(Data section)

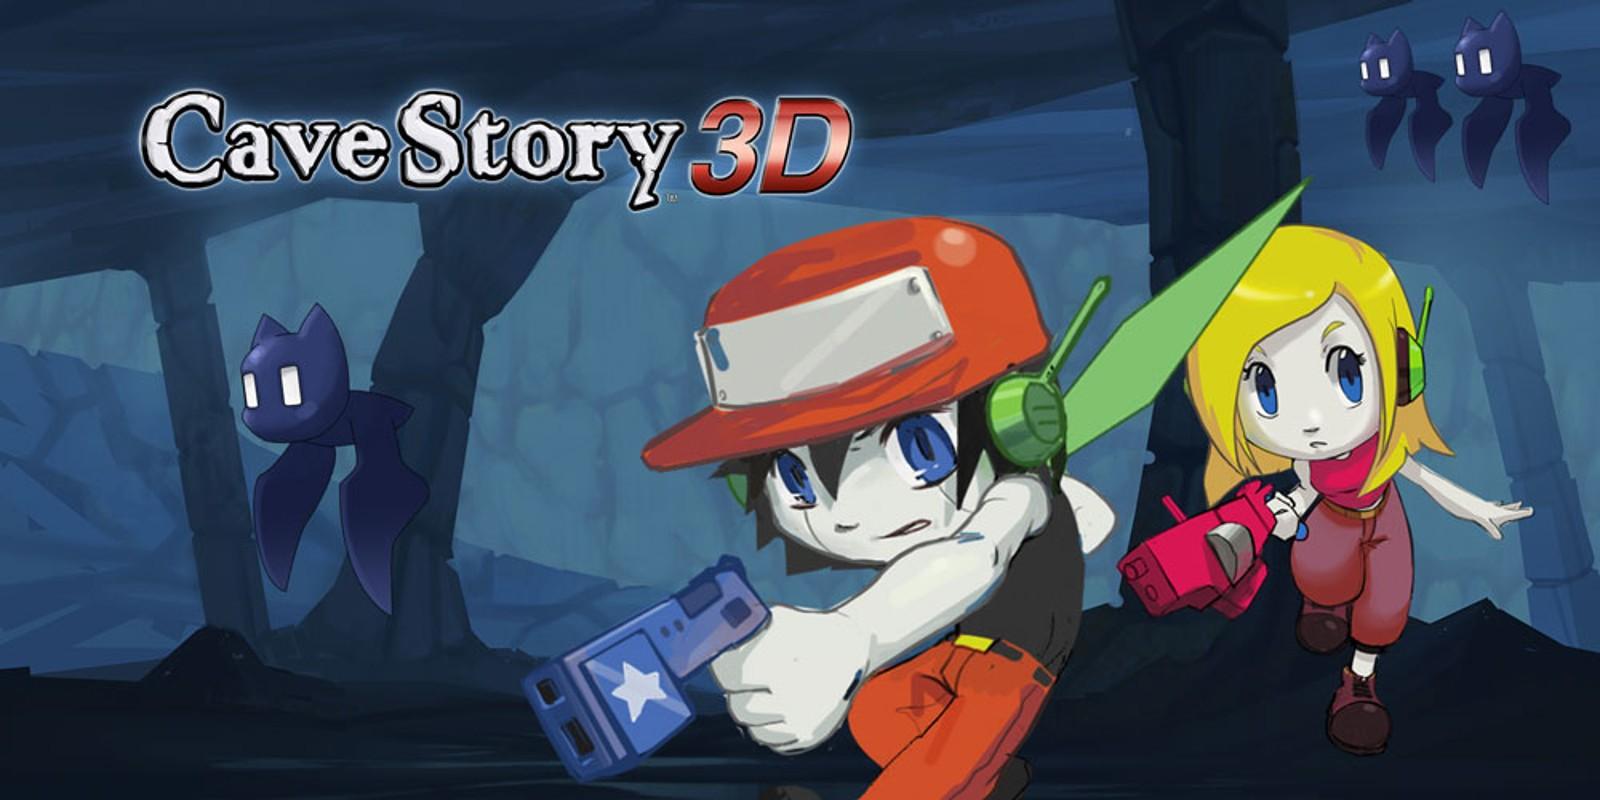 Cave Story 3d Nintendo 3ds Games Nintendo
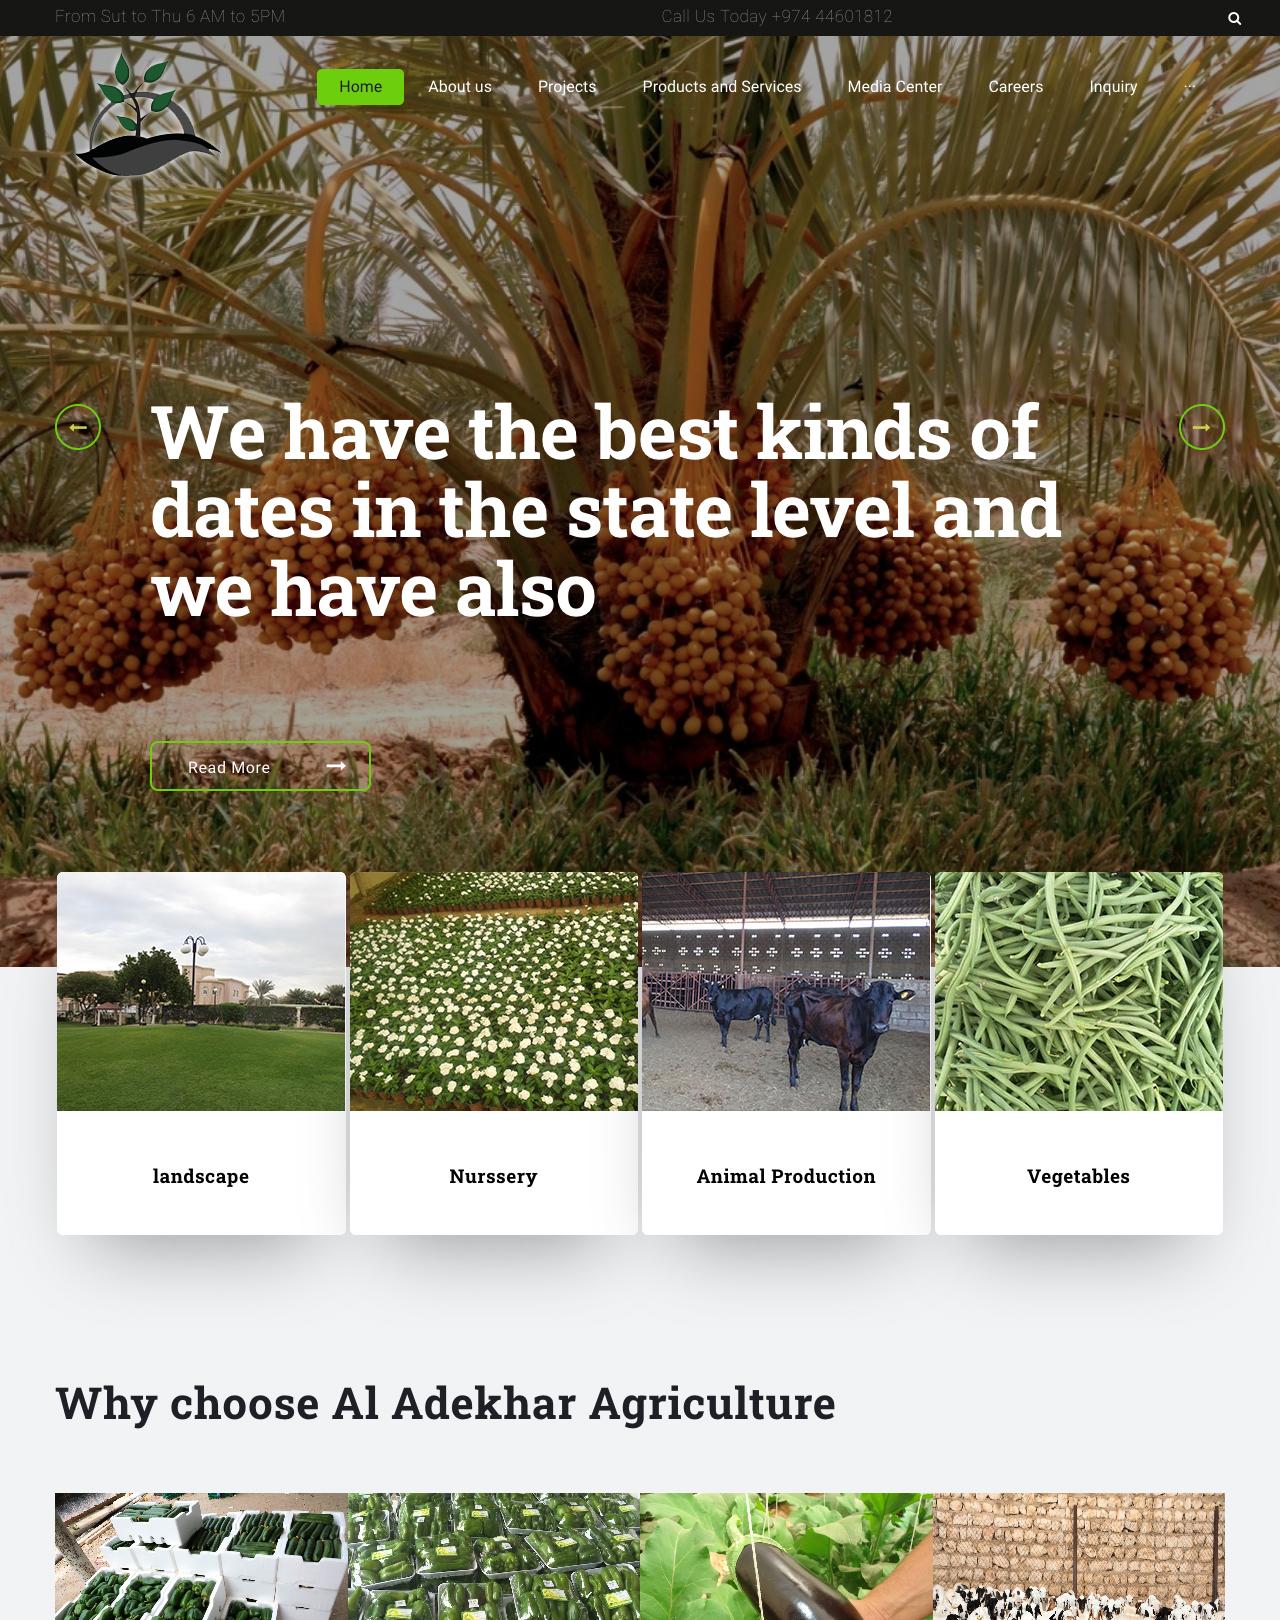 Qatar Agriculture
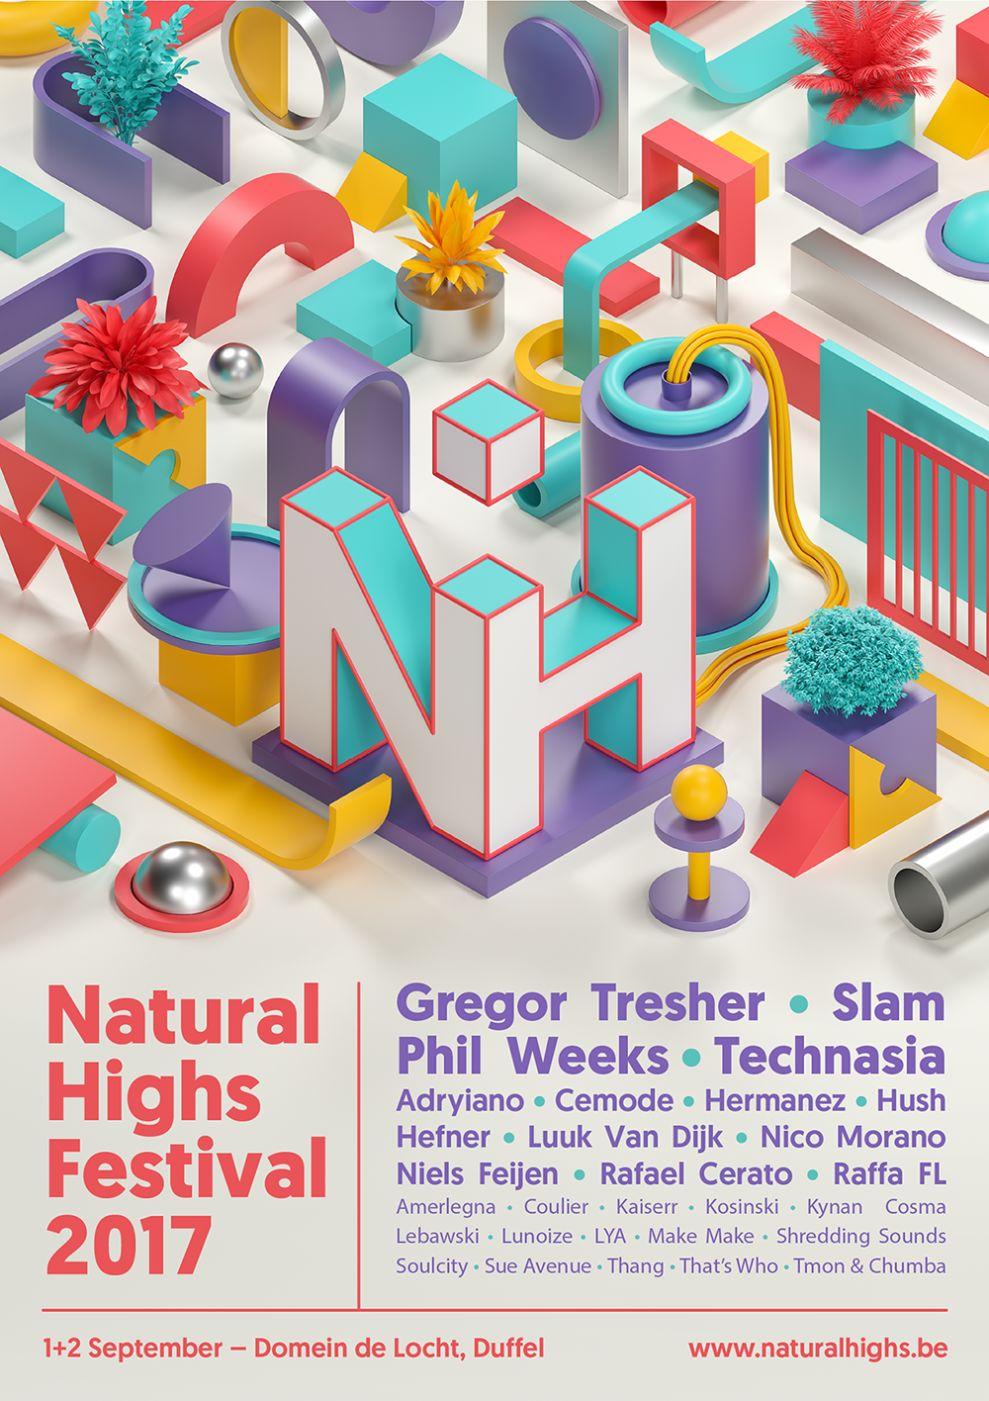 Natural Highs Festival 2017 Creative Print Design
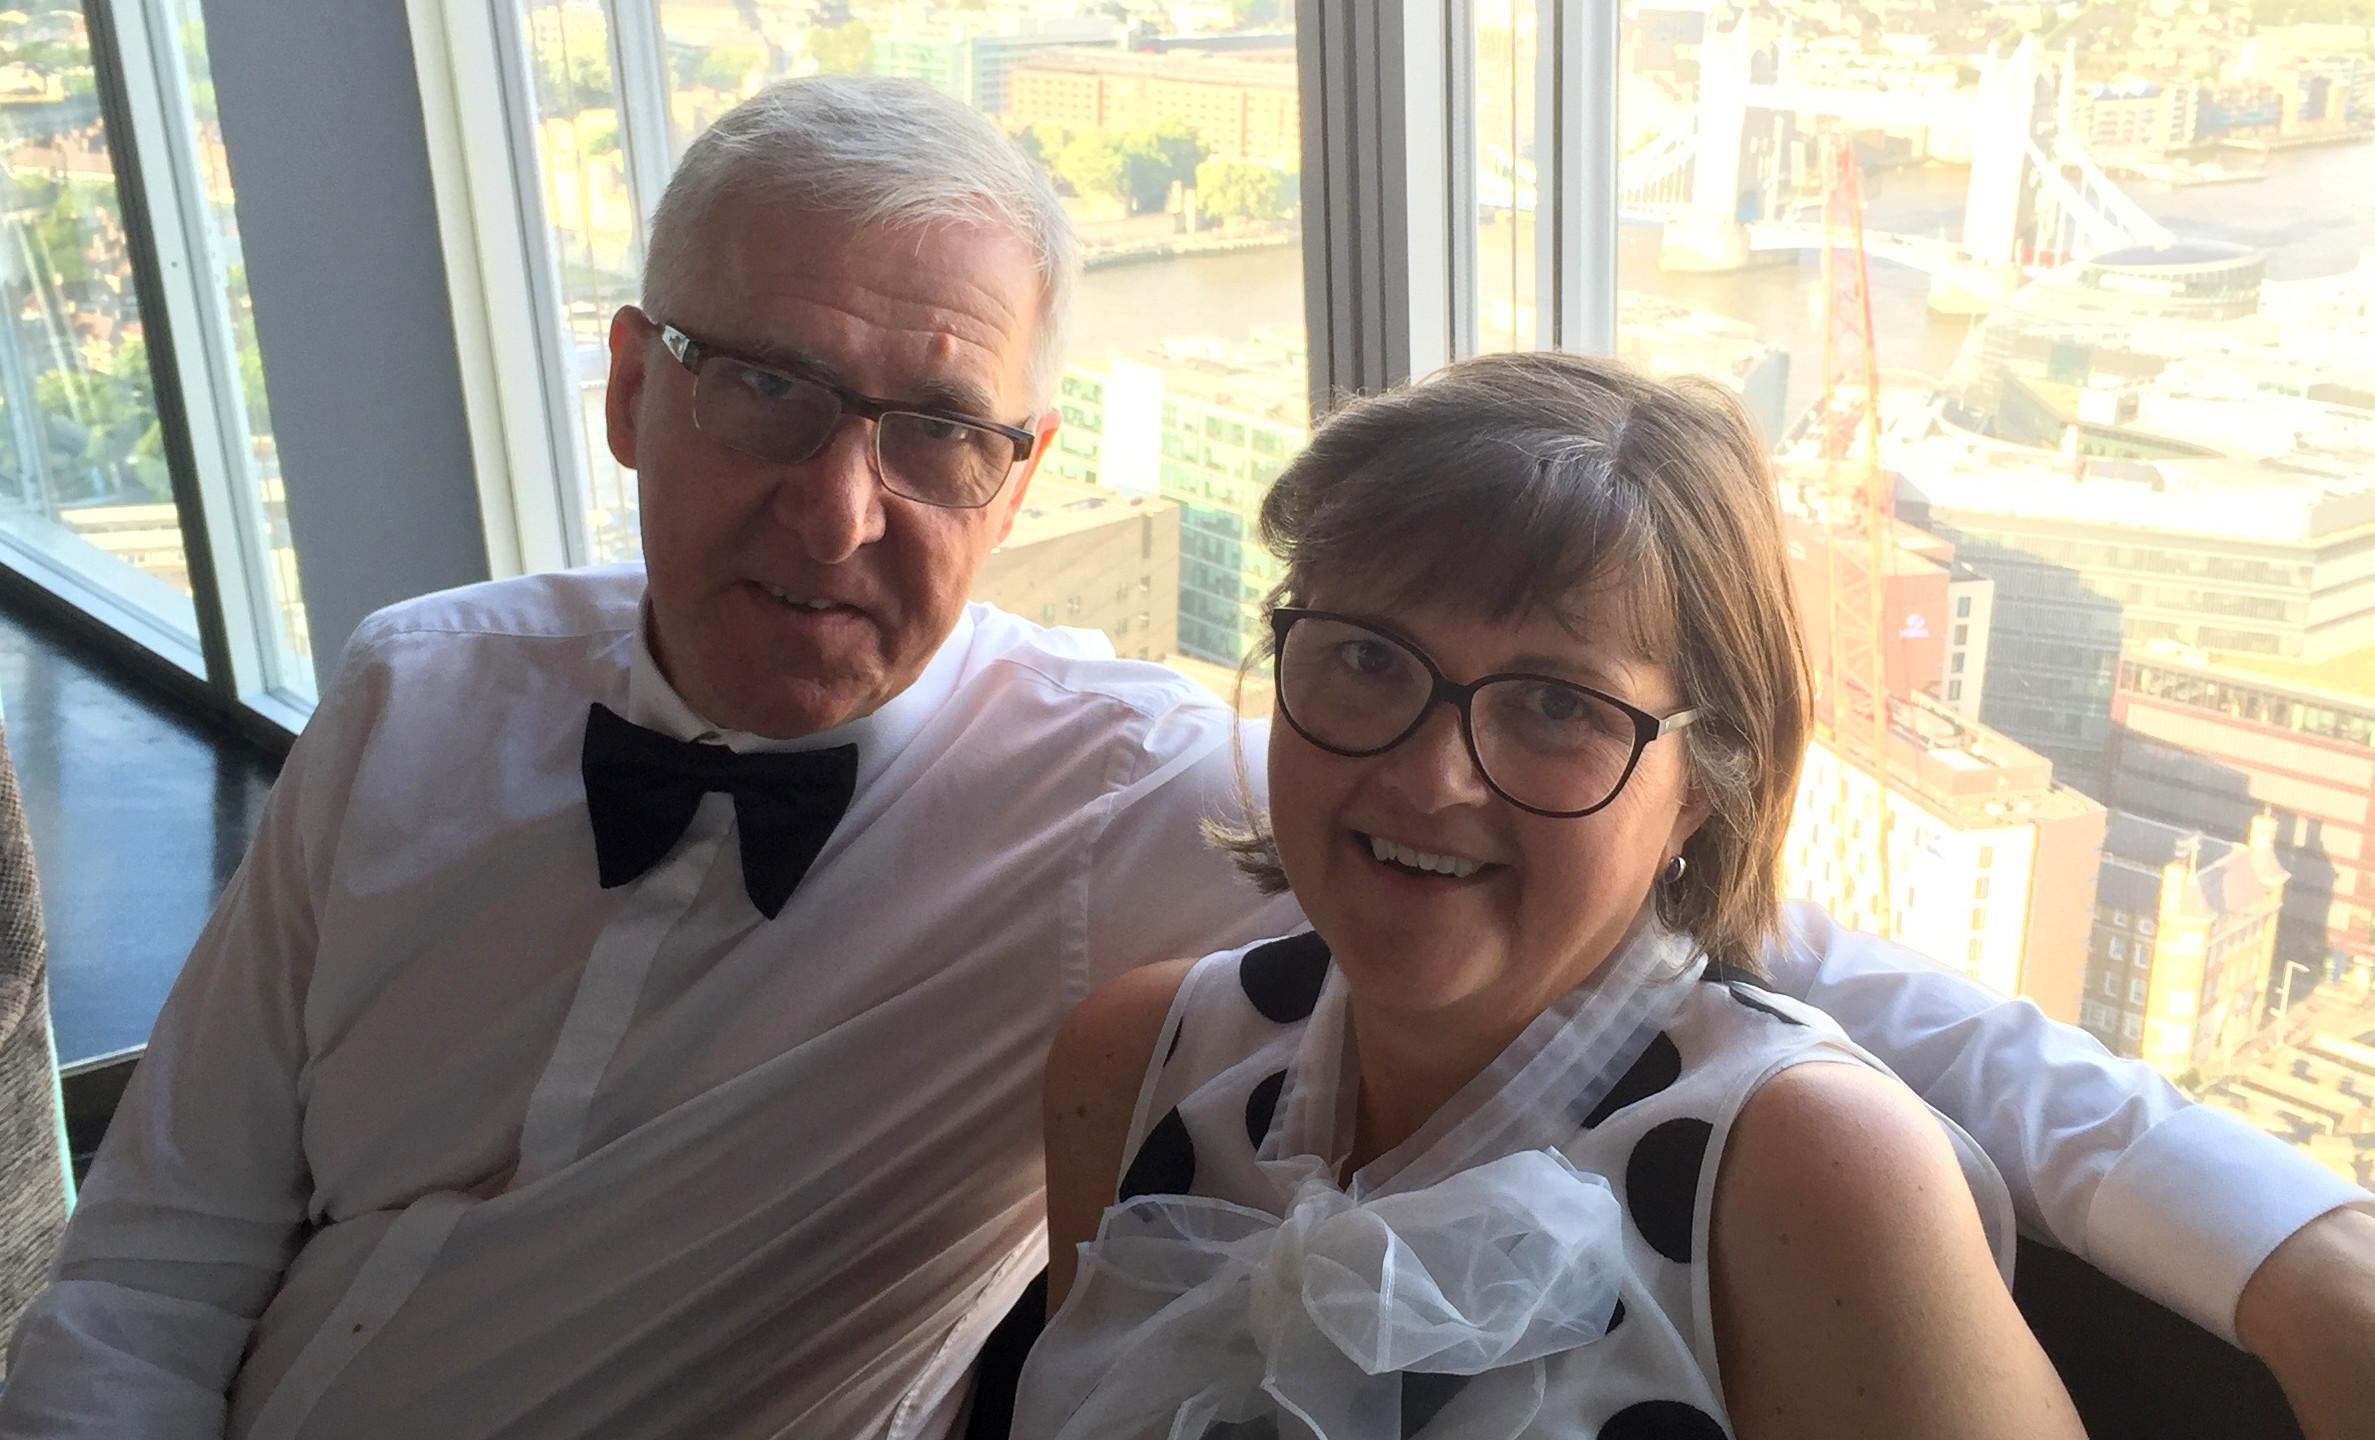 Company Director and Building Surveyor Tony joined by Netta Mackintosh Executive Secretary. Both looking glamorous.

(End Data section)

**Activity**:
Once the pictures are set aside, output the whole listing exactly.

**Task answer**:
 Cave Story 3d Nintendo 3ds Games Nintendo
 Qatar Agriculture
 Natural Highs Festival 2017 Creative Print Design
 Company Director and Building Surveyor Tony joined by Netta Mackintosh Executive Secretary. Both looking glamorous.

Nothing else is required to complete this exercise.